Créances en souffrance : Ouahbi plaide pour un dialogue structuré entre banques et justice

Créances en souffrance : Ouahbi plaide pour un dialogue structuré entre banques et justice

Le ministre de la Justice, Abdellatif Ouahbi, a appelé, mardi à Rabat, à l’instauration d’un dialogue structuré et institutionnalisé entre le secteur bancaire et le système judiciaire, afin d’améliorer le recouvrement des créances en souffrance.

S’exprimant à l’ouverture d’un séminaire national consacré à l’efficience du cadre juridique du recouvrement judiciaire et aux perspectives de réforme, M. Ouahbi a mis en lumière le décalage entre le temps bancaire, régi par la rapidité et les impératifs de rentabilité, et le temps judiciaire, marqué par des procédures souvent longues.

Selon lui, cette dichotomie constitue l’un des principaux freins à une gestion efficace des créances en souffrance.

Ainsi, il a plaidé pour une formation croisée : d’un côté, des juges mieux formés aux mécanismes financiers et bancaires, et de l’autre, des responsables juridiques des banques davantage familiarisés avec les procédures judiciaires, estimant que l’incompréhension entre ces deux sphères est à l’origine de nombreuses décisions défavorables aux établissements de crédit.

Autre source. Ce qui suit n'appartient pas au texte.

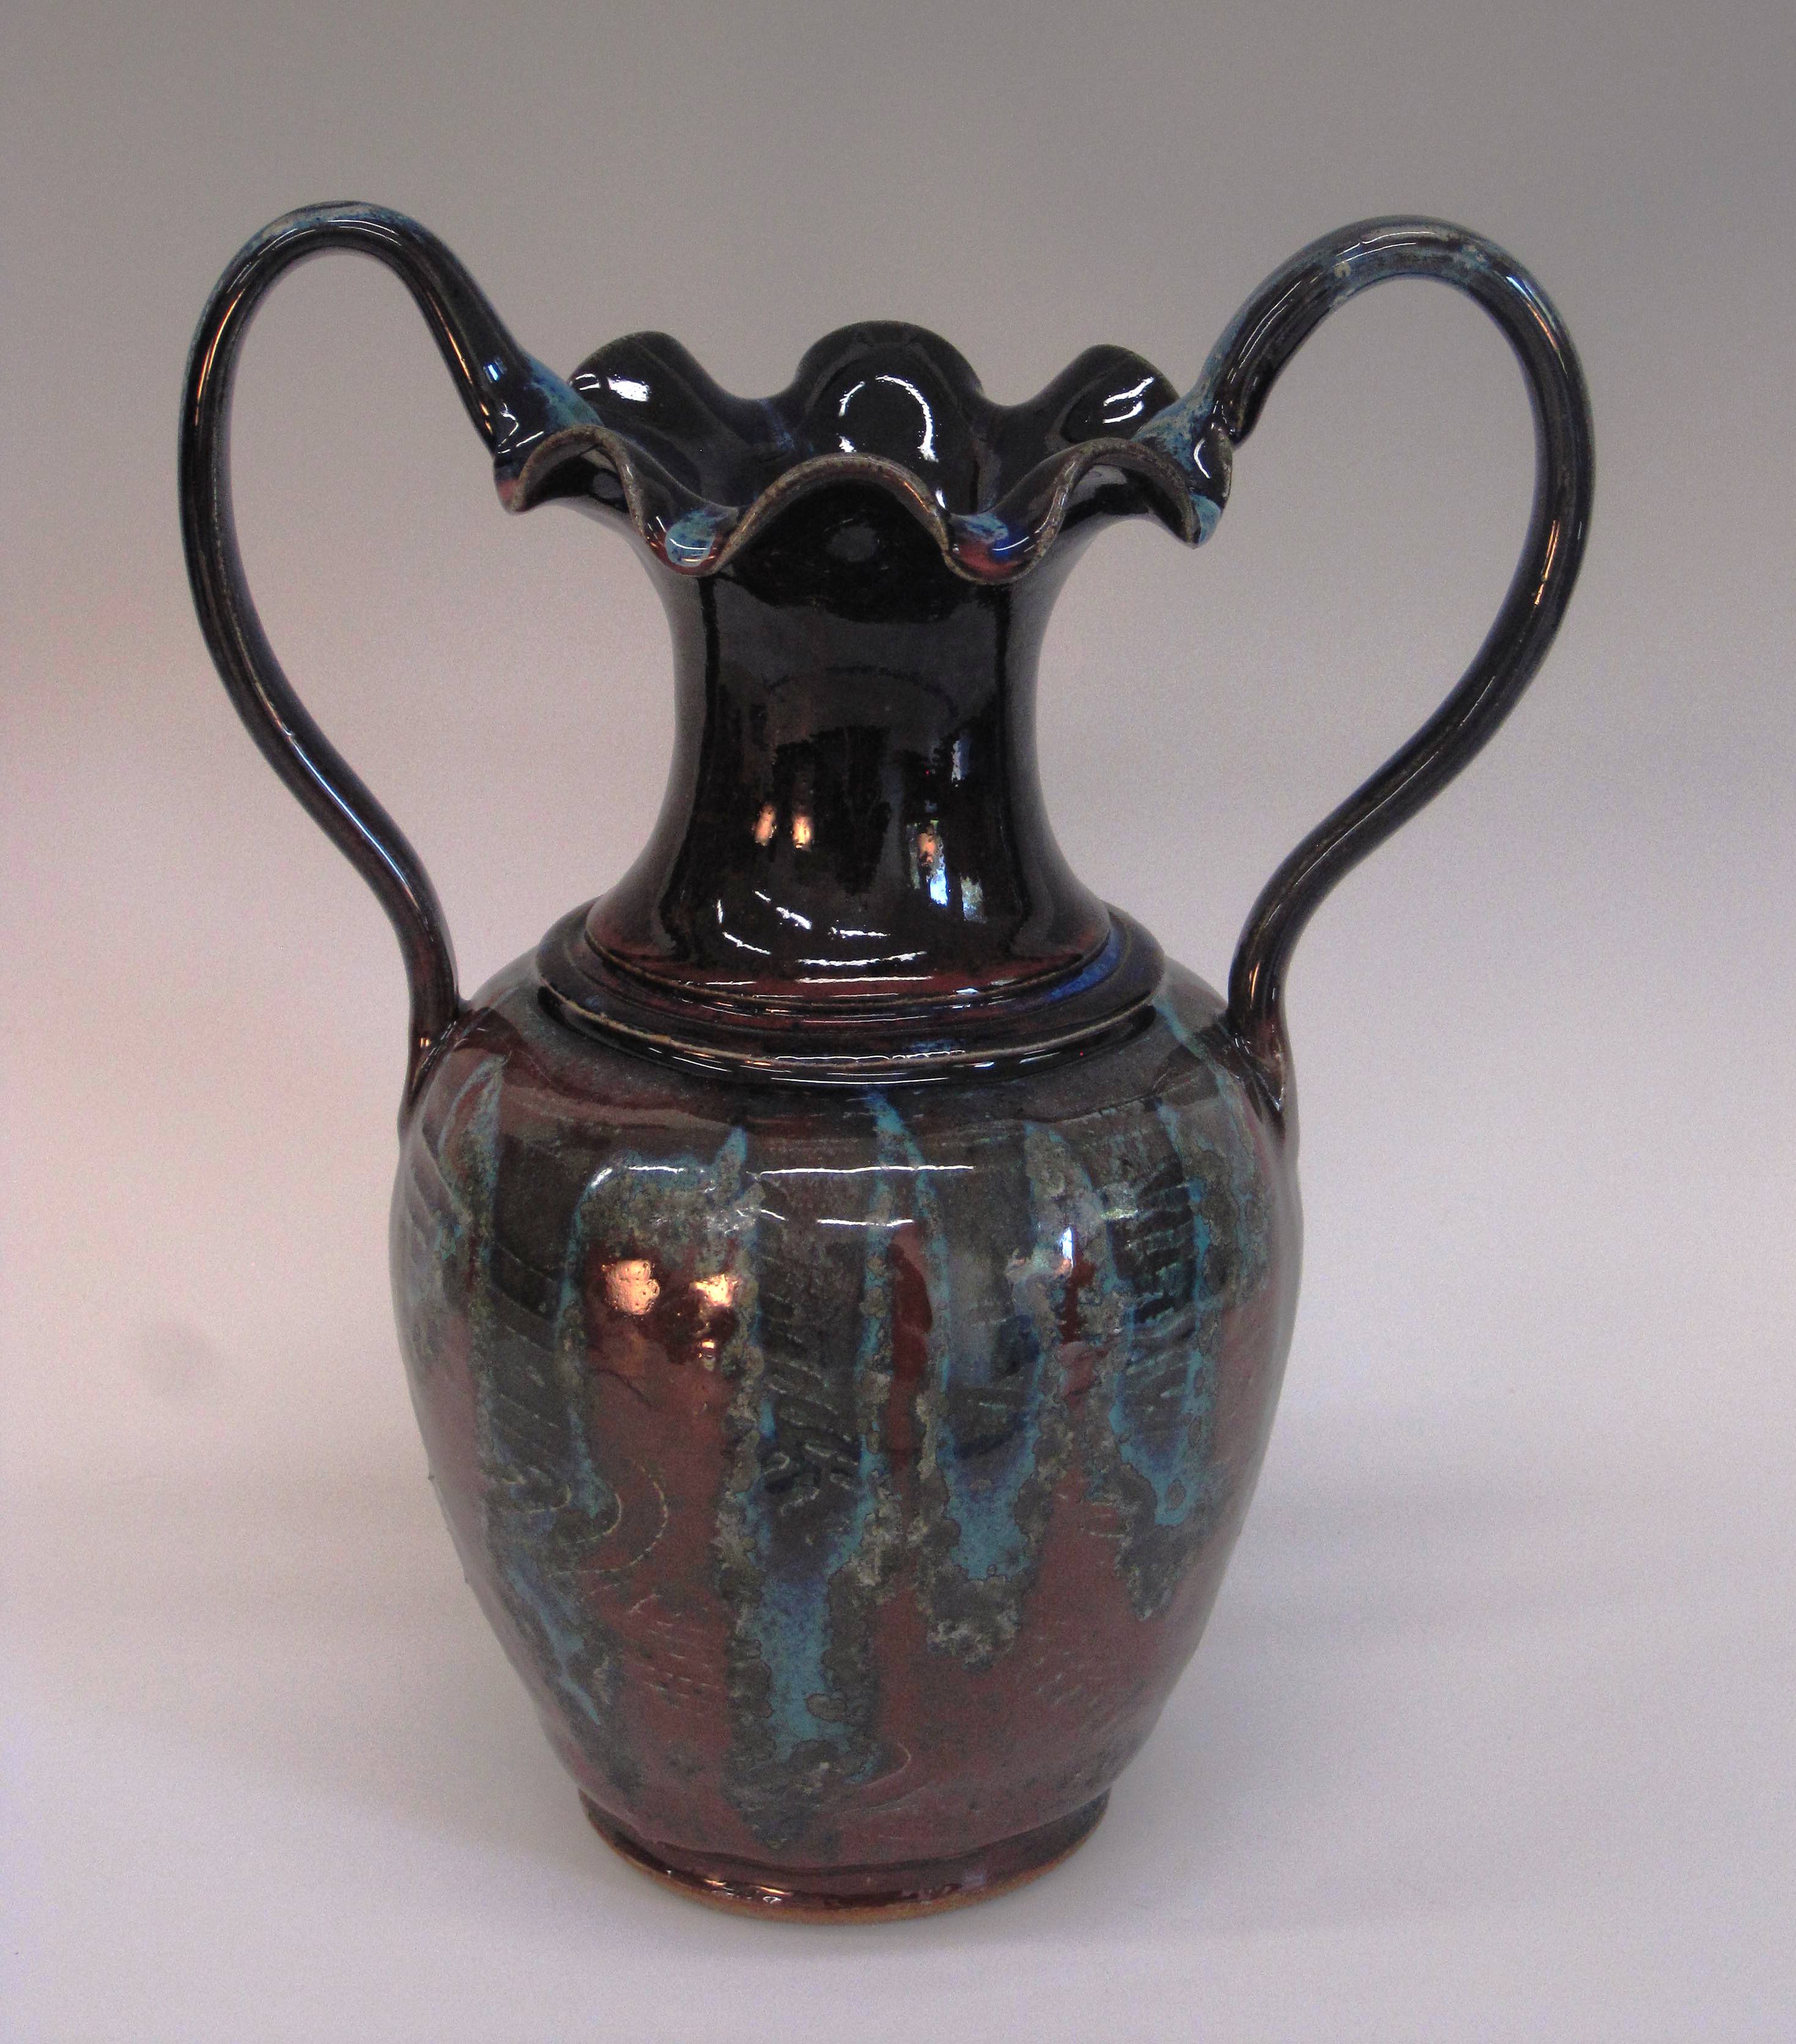 11" x 9" Vase Item # 251 $145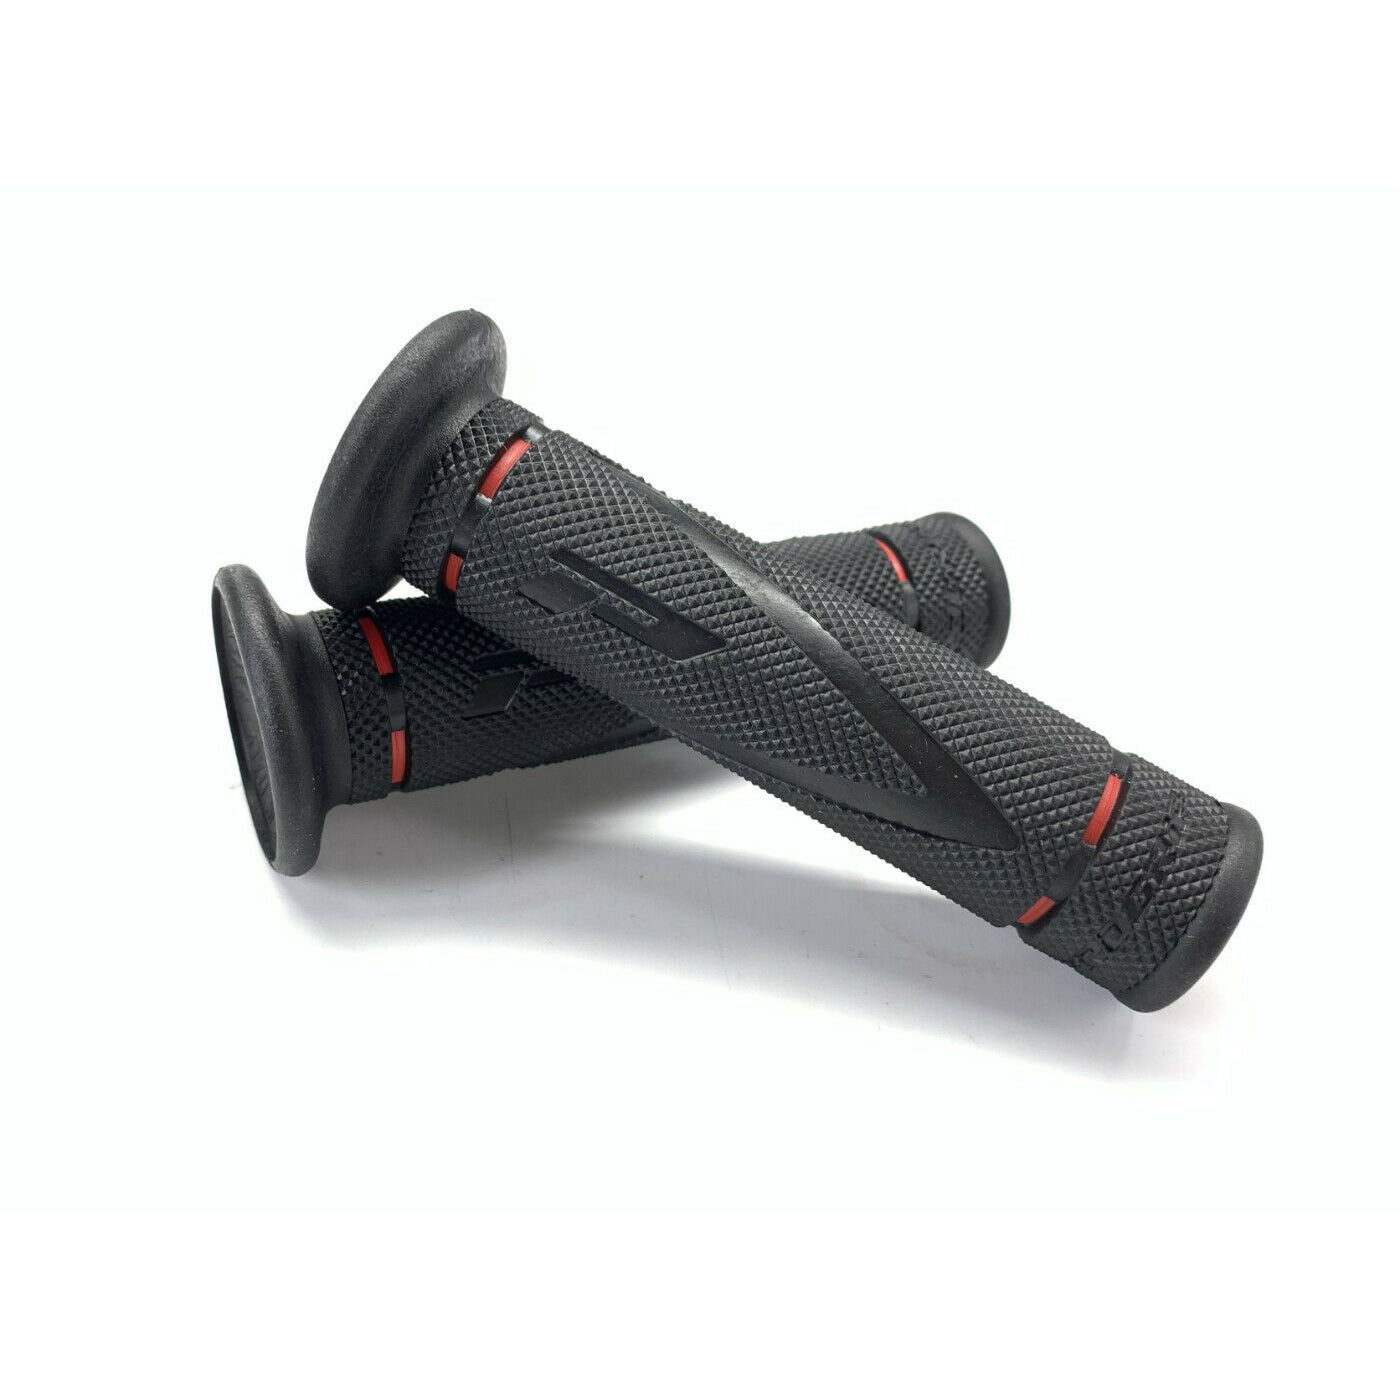 Pro Grip Trials 838 Grips Black Red - Pro Grip

Ouahbi a également annoncé une réflexion en cours sur la mise en place d’une plateforme de jurisprudence accessible à l’ensemble des acteurs, y compris les professionnels du secteur bancaire, afin de faciliter la compréhension des interprétations judiciaires des textes régissant l’activité bancaire.

Il a, en outre, évoqué la possibilité d’intégrer des spécialistes financiers aux côtés des magistrats dans les affaires à dimension économique, ainsi que le recours à des profils issus de grandes écoles de commerce ou de comptabilité pour renforcer les capacités d’analyse financière au sein du corps judiciaire.

De son côté, le procureur général près la Cour de cassation et président du ministère public, Hicham Balaoui, a indiqué que les créances en souffrance représentent désormais environ 8,3 % du total des crédits bancaires à fin janvier 2026, contre 8 % au dernier trimestre 2025. Leur encours avoisine les 100 milliards de dirhams, en hausse de 4,6 %.

Balaoui a insisté sur la nécessité de réviser certaines dispositions légales encadrant l’exécution des jugements, d’améliorer l’encadrement de l’expertise judiciaire et de développer la cession directe des créances bancaires non productives.

Il a, à cet égard, salué le projet de loi n° 26.02, qu’il considère comme un levier à même d’alléger la charge pesant sur les banques et de réorienter leurs ressources vers le financement de l’économie.

Pour sa part, Mohamed El Kettani, vice-président du Groupement professionnel des banques du Maroc (GPBM), a relevé plusieurs dysfonctionnements pratiques, notamment la lenteur des procédures de vente judiciaire des biens immobiliers hypothéqués, les dérives dans le traitement des difficultés des entreprises, ainsi que les insuffisances de l’expertise judiciaire dans les litiges bancaires, marquées par une hétérogénéité des méthodes de calcul et l’absence de cadre institutionnel de contrôle.

El Kettani a recommandé la création d’un portail électronique dédié aux ventes judiciaires, l’organisation de formations communes réunissant banquiers, magistrats et experts, ainsi qu’un meilleur équilibre entre la protection des entreprises en difficulté et la préservation des droits des créanciers.

Ce séminaire réunit des représentants du ministère de la Justice, de la Présidence du ministère public, des établissements bancaires et des professionnels du droit, dans l’objectif de formuler des recommandations concrètes pour renforcer l’efficacité du cadre juridique du recouvrement des créances en souffrance.